Local readiness smoke

Use hash embeddings when you want a fully local startup check without downloading a sentence-transformer model:

GWT_EMBEDDING_PROVIDER=hash GWT_EMBEDDING_MODEL=hash python -m gwt_context.smoke

The same command is available after installation as gwt-context-smoke.

Run a real stdio MCP client smoke against the packaged server entrypoint:

gwt-context-mcp-smoke

Add it to Codex as a local MCP server:

codex mcp add gwt-context \
  --env GWT_EMBEDDING_PROVIDER=hash \
  --env GWT_EMBEDDING_MODEL=hash \
  --env GWT_EMBEDDING_DIM=32 \
  --env GWT_DATA_DIR=/home/netsky/.gwt-context-codex/projects/gwt-context \
  -- python -m gwt_context

New Codex MCP tools are available to new Codex sessions after the config is loaded. Use gwt-global with /home/netsky/.gwt-context-codex/global for cross-project memory. See docs/codex-mcp.md for namespace setup and cleanup.

MCP Tools

Tool Description
gwt_store Store content in long-term memory (embed + index + buffer)
gwt_set_goal Set active goal — biases competition toward goal-relevant items
gwt_broadcast Run selection-broadcast cycle — returns workspace content
gwt_compete Competition round without broadcast (dry-run)
gwt_query Semantic search over long-term memory, optionally admitted to competition
gwt_attend One-call goal-directed attention pass with semantic, structured, graph, hybrid, or auto planning
gwt_resolve Resolve a question against runtime structured memory without broadcasting
gwt_collection_query Run exact count/filter/top-k/average/sum/distinct/min/max/compare operations over runtime structured memory
gwt_trace_explain Explain the most recent explicit attention trace
gwt_memory_profile Inspect active namespace, persisted counts, embedding settings, and structured read-model state
gwt_readiness_check Return compact runtime readiness checks, counts, namespace, and bus health
gwt_backup_memory Produce a JSONL backup payload with namespace metadata
gwt_export_memory Export persisted memory as JSONL without embeddings
gwt_import_memory Import JSONL memory into the active namespace and re-embed records
gwt_restore_memory Restore JSONL memory in merge or confirmed replace mode
gwt_compact_working_memory Dry-run or confirmed compaction of old working-memory records
gwt_reset Clear runtime, workspace, or confirmed persistent memory with explicit confirmation
gwt_evict Manual eviction from workspace
gwt_link Bidirectional link between items (enables multi-hop chains)
gwt_inspect Observe workspace, buffer, goals, stats

How it works

 ┌─────────────────────────────────────────────────┐
 │                  Long-Term Memory               │
 │            (SQLite + Vector Index)               │
 └──────────────────┬──────────────────────────────┘
                    │ candidates
                    ▼
 ┌──────────────────────────────────────────────────┐
 │              Specialist Processors               │
 │                                                  │
 │  Relevance (0.35)    Recency (0.20)              │
 │  Novelty (0.15)      Frequency (0.10)            │
 │  Structural Linkage (0.10)  Goal Linkage (0.10)  │
 └──────────────────┬───────────────────────────────┘
                    │ scored candidates
                    ▼
 ┌──────────────────────────────────────────────────┐
 │            Competition Engine                    │
 │     weighted scores + goal modulation (×1.3)     │
 │     top-N admitted, losers evicted               │
 └──────────────────┬───────────────────────────────┘
                    │ winners
                    ▼
 ┌──────────────────────────────────────────────────┐
 │          Global Workspace (capacity=7)           │
 │                                                  │
 │    Broadcast → formatted text returned to LLM    │
 └──────────────────────────────────────────────────┘

Multi-hop reasoning

Items can be linked bidirectionally via gwt_link.
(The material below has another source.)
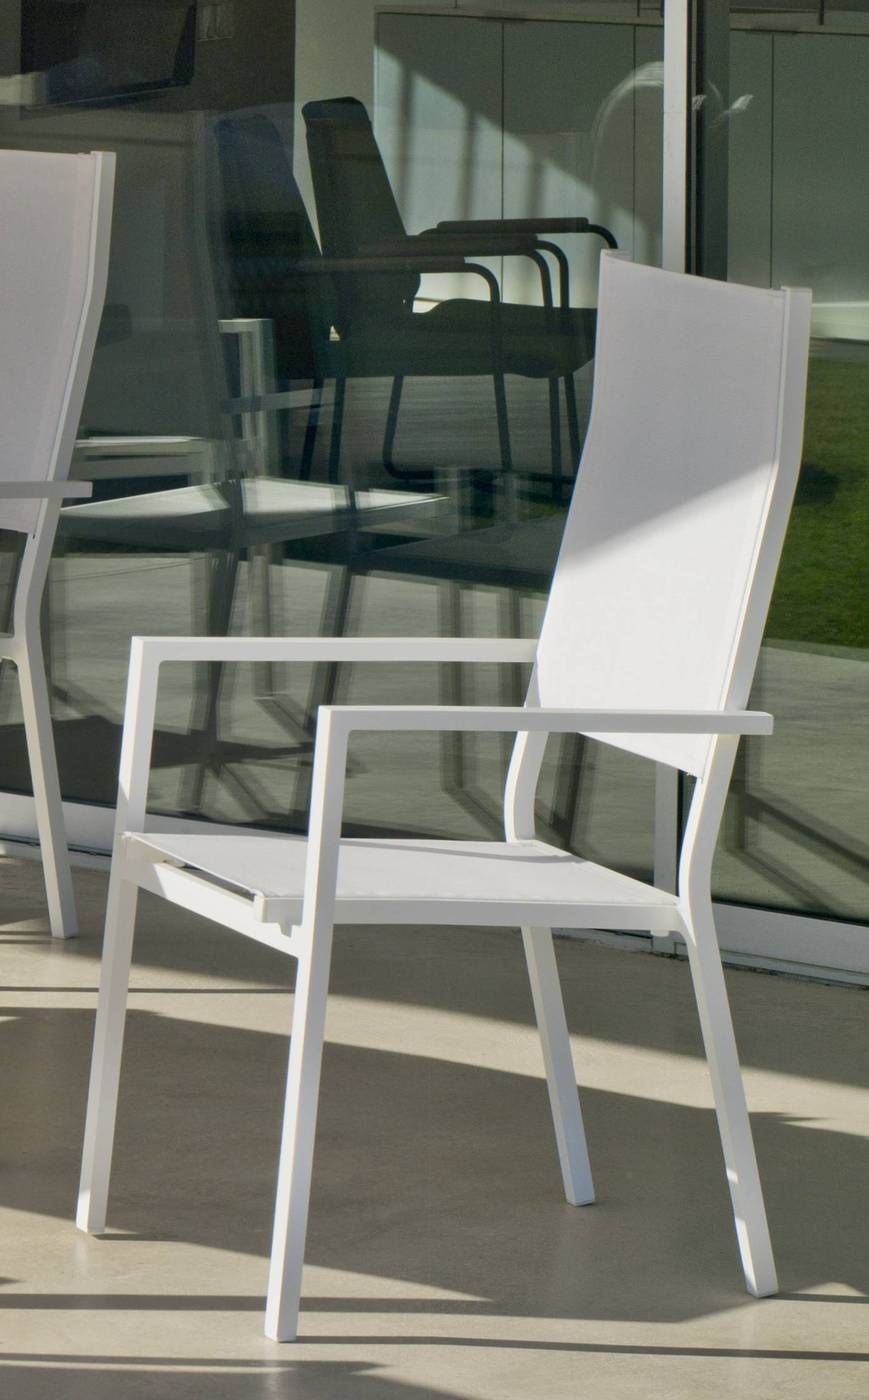 Set Córcega-160-6 Janeiro - Conjunto de aluminio para jardín: Mesa rectangular con tablero HPL de 160 cm + 6 sillones altos de textilen. Colores: blanco y antracita.

The GoalLinkageSpecialist weights each link by how relevant the linked item is to the current goal — multi-hop chains are boosted only when they lead toward the goal. The StructuralLinkageSpecialist preserves chains across minor goal shifts.

Goal switching

When the goal changes, GoalLinkageSpecialist re-weights all links by relevance to the new goal. Items linked to now-irrelevant content lose their boost and get evicted, making room for goal-relevant items.

Explicit attention control

gwt_context.application.attention.AttentionController provides a reusable path for deterministic selection: set the goal, resolve an evidence plan, query/admit matching memories, then broadcast. Production planning supports semantic lookup, exact structured collection evidence, relation-graph continuation, hybrid mode, and auto mode. The controller itself depends only on application ports.

SelectionBroadcastCycle publishes each workspace broadcast to a subscriber bus. Structured resolve, semantic recall, relation continuation, contradiction checking, and plan critique subscribers read the same broadcast and return proposals. gwt_attend applies accepted proposals through public ports: follow-up memory queries, deterministic answer resolution, contradiction flags, and follow-up flags are recorded in the trace. Repeated proposals are inhibited across broadcasts.

Conscious items also reactivate their gwt_link targets into the preconscious buffer for the next cycle, so recurrent attention can follow explicit memory links instead of only parsing names from rendered broadcast text.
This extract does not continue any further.